Finding the right opportunities for their children was also a big reason for the move, both admit. “The reason we came here wasn’t for work, really,” Chris says. “Work has driven us here but it was [because] I wanted more for the kids.
“The schooling system in the UK, the high school system in the UK, is very poorly funded. Here, life revolves around sport and doing well for yourself.”
Since moving, the family have settled into their community – and Angela says it’s no doubt helped that their next door neighbours, who have “taken them under their wing”, love England so much. Angela has also found a new job working for a local kitchen company, using the interior design talents she couldn’t find a place for in Norwich. She also shares regular updates of their all-American home renovation on Instagram, as @relocation_stateside.
But there have been challenges, too.
“We were told that you could come here and your credit history and everything would follow you,” Chris says. “It doesn’t happen.
“I couldn’t even get mobile phones because we had no credit history.

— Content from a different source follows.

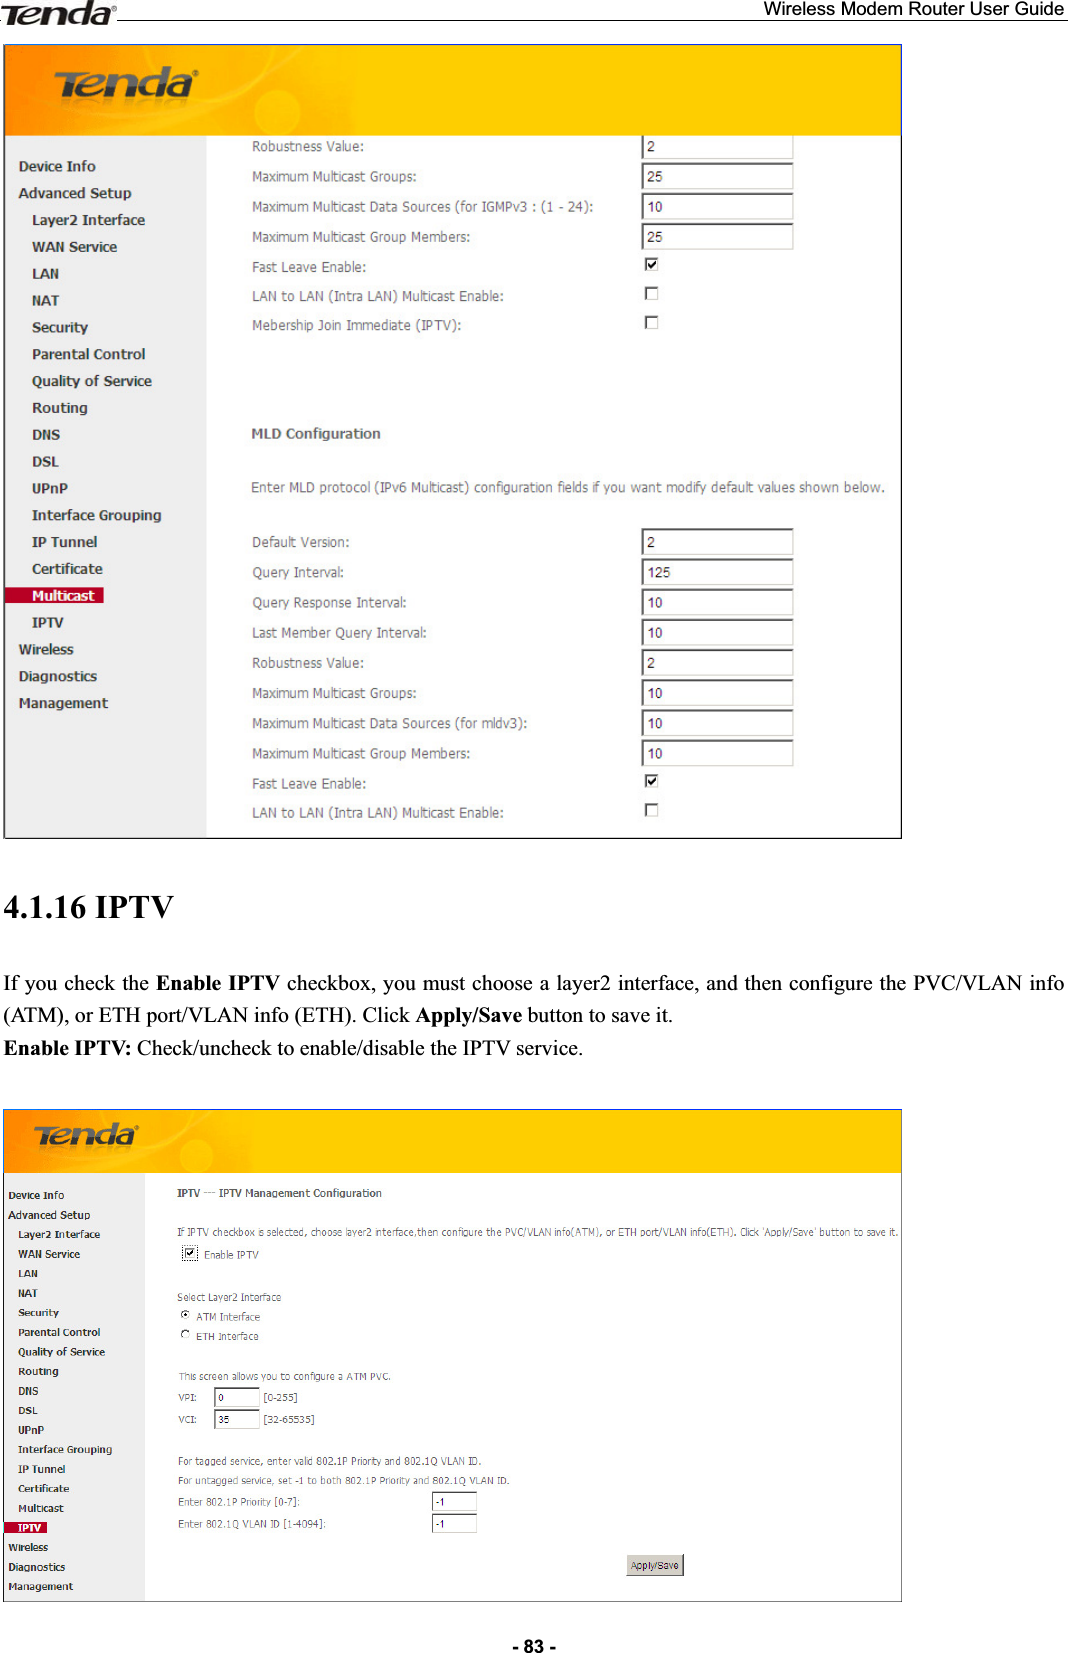 Wireless Modem Router User Guide- 83 -4.1.16 IPTV If you check the Enable IPTV checkbox, you must choose a layer2 interface, and then configure the PVC/VLAN info (ATM), or ETH port/VLAN info (ETH). Click Apply/Save button to save it.   Enable IPTV: Check/uncheck to enable/disable the IPTV service.

We had to buy everything outright. I even had the electric company turn around and tell me ‘we’re not going to supply your electric because you’ve got no credit history, no history of you in the country, so we need your passport, we need your visa, we need a deposit’ and we had to give them a $2,000 deposit just to have the privilege of having electricity.
“That was one of the biggest shocks – coming and having to rebuild. The first mortgage offer they wanted to charge us nearly 6pc, and people were paying 1.7pc. We managed, in the end, a 3pc mortgage,” – but not, he says, without the help of their neighbours.
Construction and labour costs have also surprised them. Angela and Chris say that when they bought the house, they knew they’d need to do some work to it, including installing new bathrooms and a kitchen – but they say they weren’t prepared for the cost, around three or four times what they would pay in the UK. After three years, work is only just starting on their kitchen.
Ultimately, though, the timing was right – particularly now that people are increasingly nervous about the market.
Angela says she’ll always have a soft spot for Norwich, the city they married in, even if they don’t call it home.
“Norwich will always be special,” she says. “Is there a better place to live in the UK than Norwich? I don’t know if there is. That’s where we did so much in our adult life – marriage, kids – but I do think forever is a long time.
“Will we live here forever? I don’t know, but I’d like to have the choice.”